* [Data below]
○ ○ ○

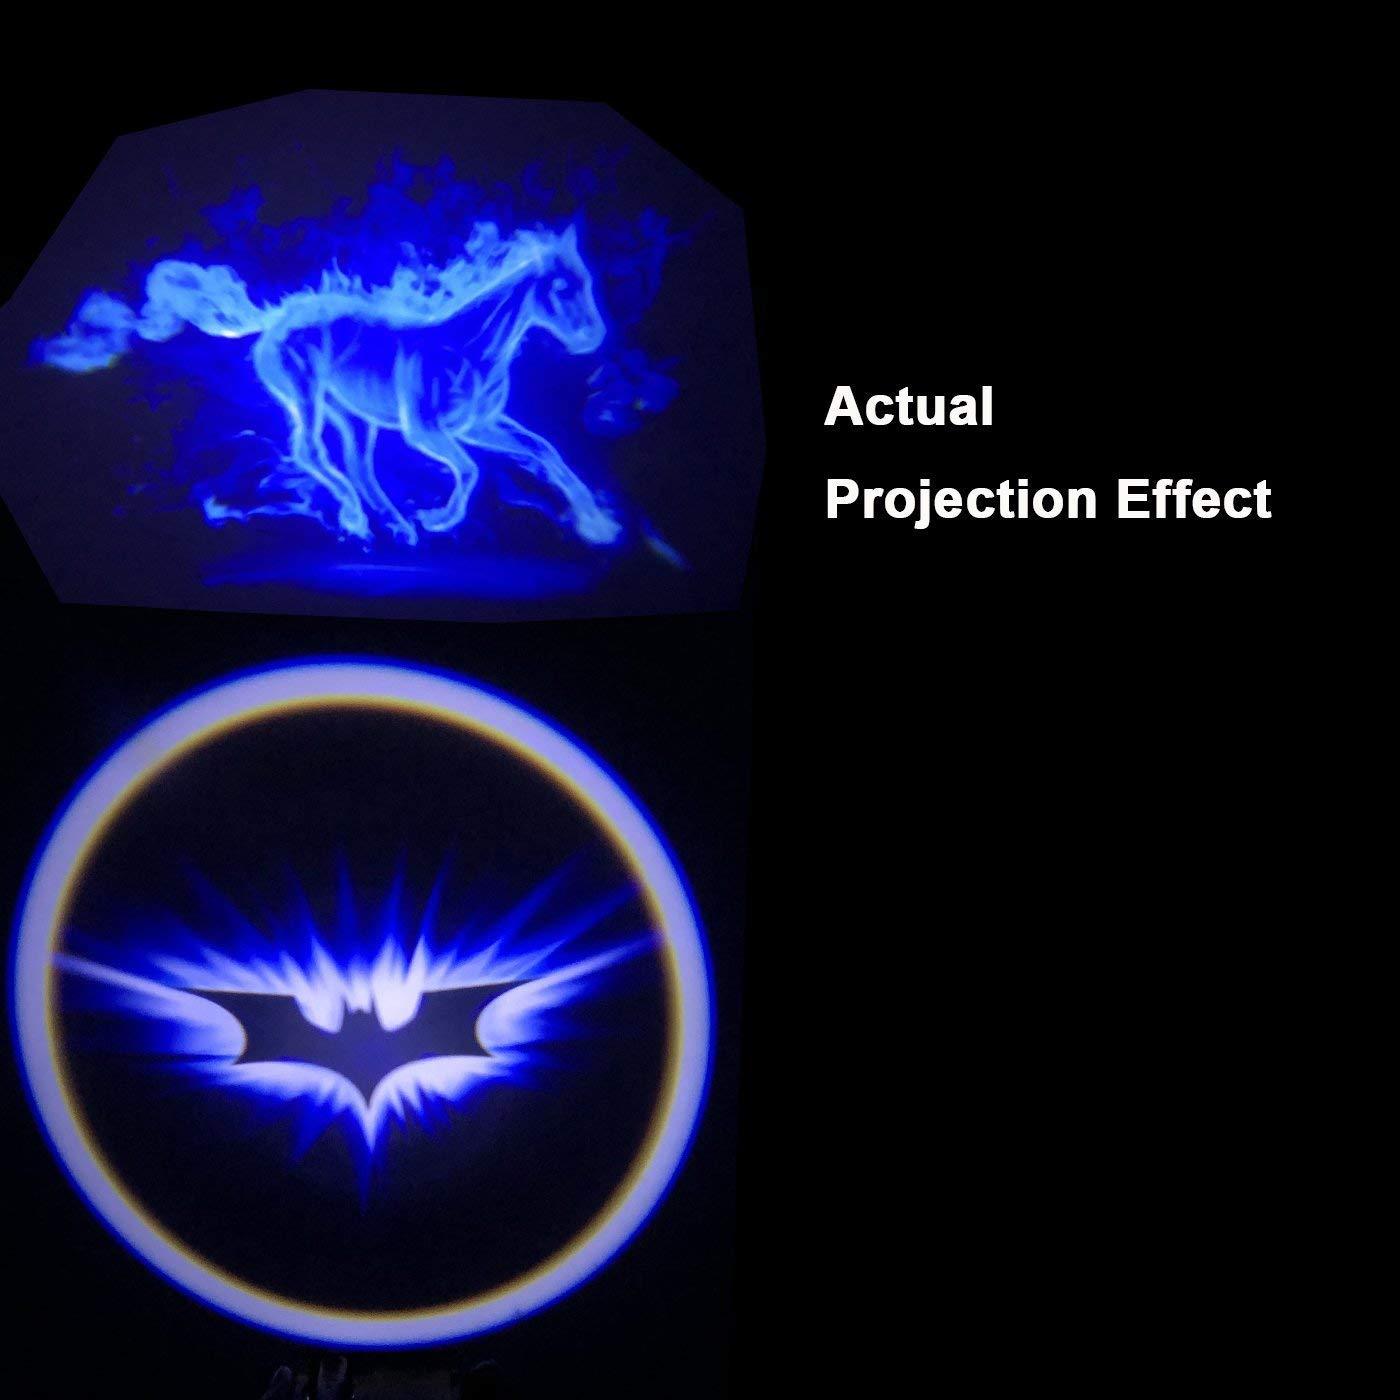 Blaulicht f/ürs Auto 12V Wireless LED Laser Projektor Universal f/ür Ambientebeleuchtung T/ürbeleuchtung Einstiegsleuchte Projektion Licht 2er-Pack
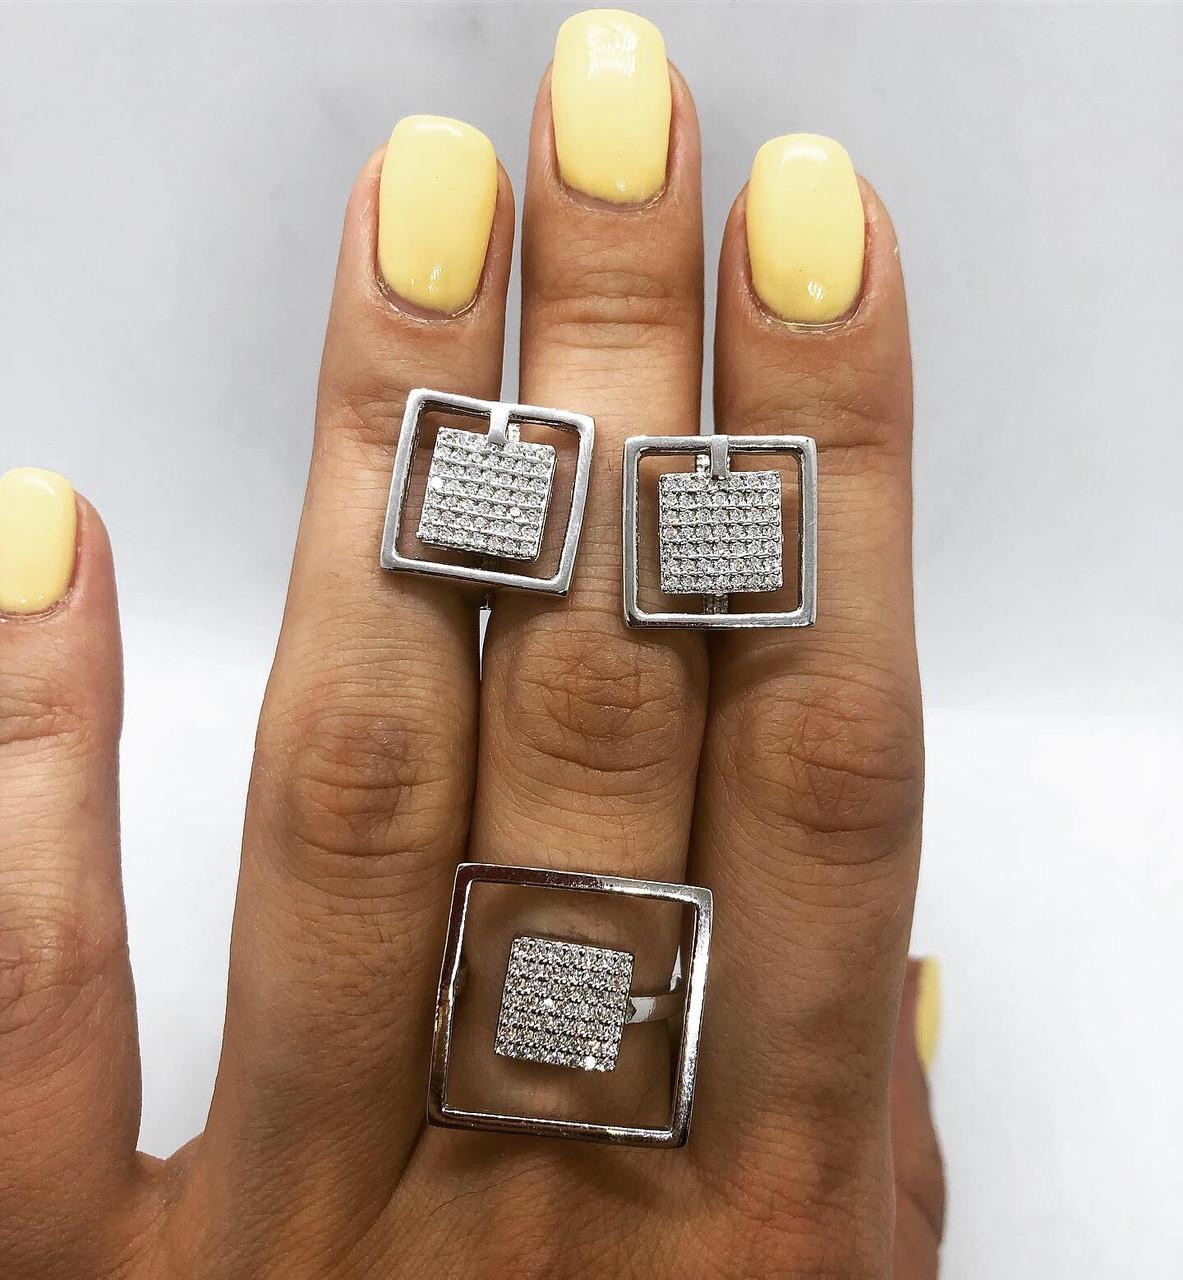 Набор украшений My Jewels из серебра 925 квадрат белый, камни Swarovski (размер 17-17,5), фото 1
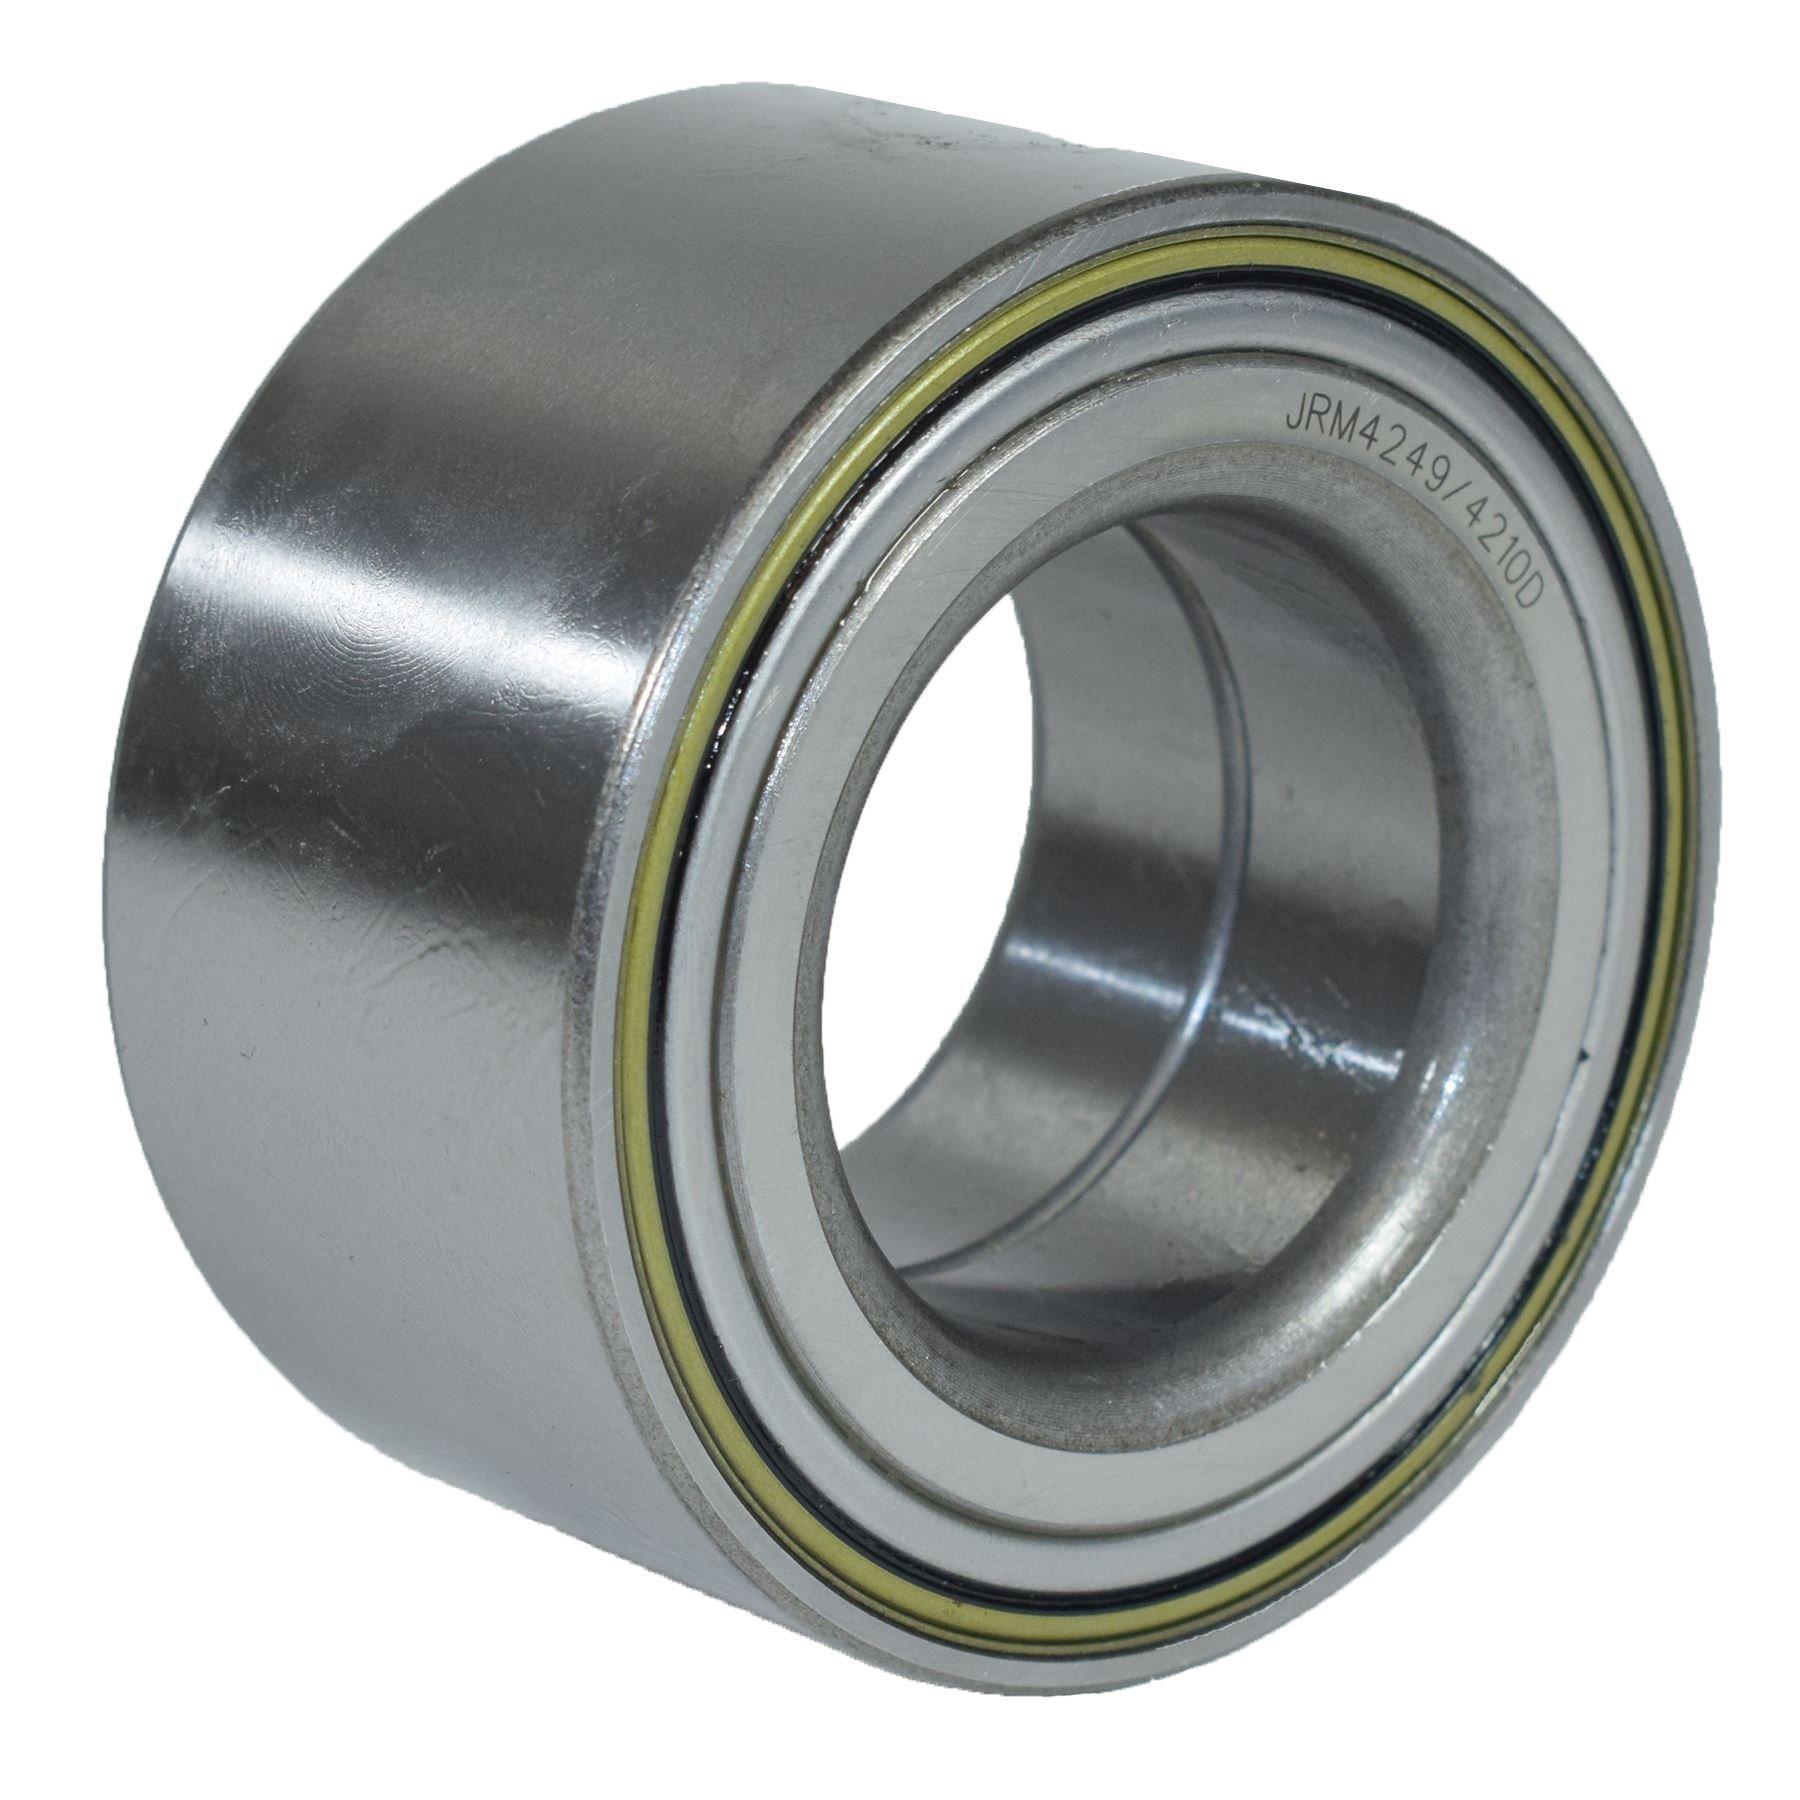 AB Tools Trailers Ifor Williams Sealed Wheel Hub Bearings P00002 ID42 x OD76 x W39mm by AB Tools

○ ○ ○

* [Problem to solve] Reproduce the data above in full, exactly, with the images removed.

* [Result]
 Blaulicht f/ürs Auto 12V Wireless LED Laser Projektor Universal f/ür Ambientebeleuchtung T/ürbeleuchtung Einstiegsleuchte Projektion Licht 2er-Pack
 Набор украшений My Jewels из серебра 925 квадрат белый, камни Swarovski (размер 17-17,5), фото 1
 AB Tools Trailers Ifor Williams Sealed Wheel Hub Bearings P00002 ID42 x OD76 x W39mm by AB Tools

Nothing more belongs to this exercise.